━━━ Data to use ━━━
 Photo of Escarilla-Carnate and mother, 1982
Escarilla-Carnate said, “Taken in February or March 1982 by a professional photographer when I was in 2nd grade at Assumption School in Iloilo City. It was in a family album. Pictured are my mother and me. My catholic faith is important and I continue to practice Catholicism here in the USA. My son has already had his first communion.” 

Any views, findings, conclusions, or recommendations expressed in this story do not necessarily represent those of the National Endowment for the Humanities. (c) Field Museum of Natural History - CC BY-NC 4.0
━━━
━━━ Data to use ━━━
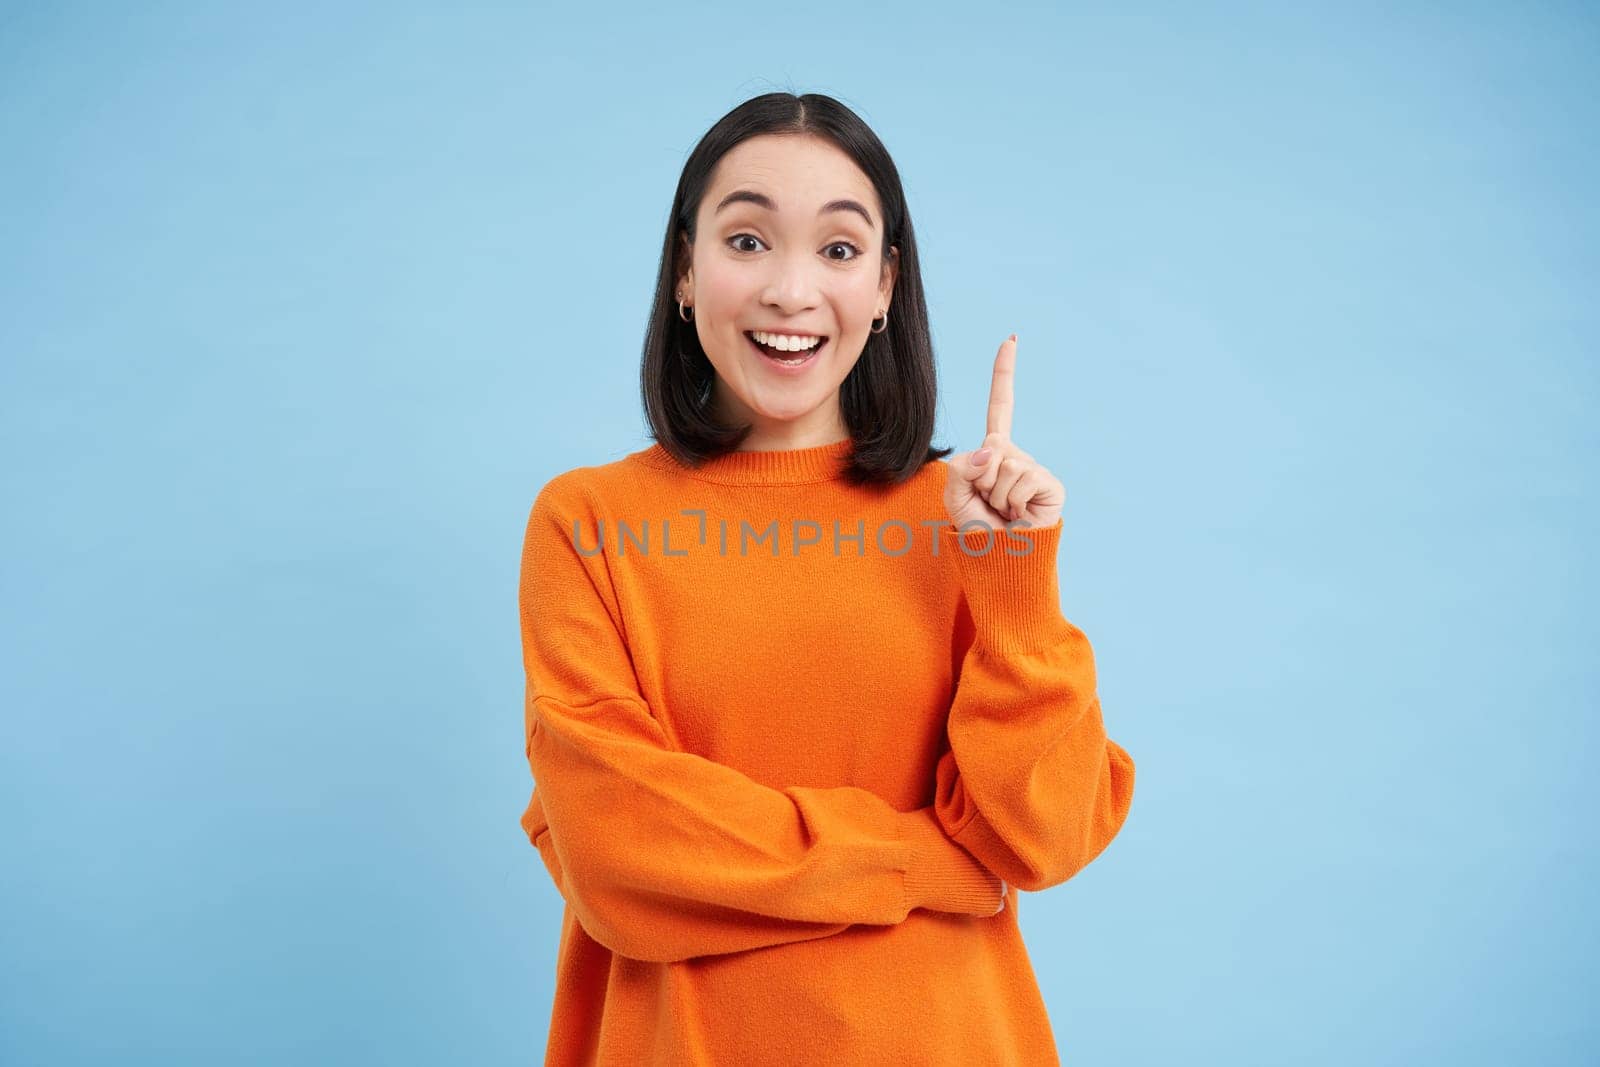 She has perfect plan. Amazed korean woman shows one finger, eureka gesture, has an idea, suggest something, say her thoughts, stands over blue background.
━━━
Exercise directions: The response must hold only the lines above from the line with "Photo of Escarilla-Carnate and mother, 1982" through the line with "Any views, findings, conclusions, or", each copied exactly, both ends kept.

Exercise response:
 Photo of Escarilla-Carnate and mother, 1982
Escarilla-Carnate said, “Taken in February or March 1982 by a professional photographer when I was in 2nd grade at Assumption School in Iloilo City. It was in a family album. Pictured are my mother and me. My catholic faith is important and I continue to practice Catholicism here in the USA. My son has already had his first communion.” 

Any views, findings, conclusions, or recommendations expressed in this story do not necessarily represent those of the National Endowment for the Humanities. (c) Field Museum of Natural History - CC BY-NC 4.0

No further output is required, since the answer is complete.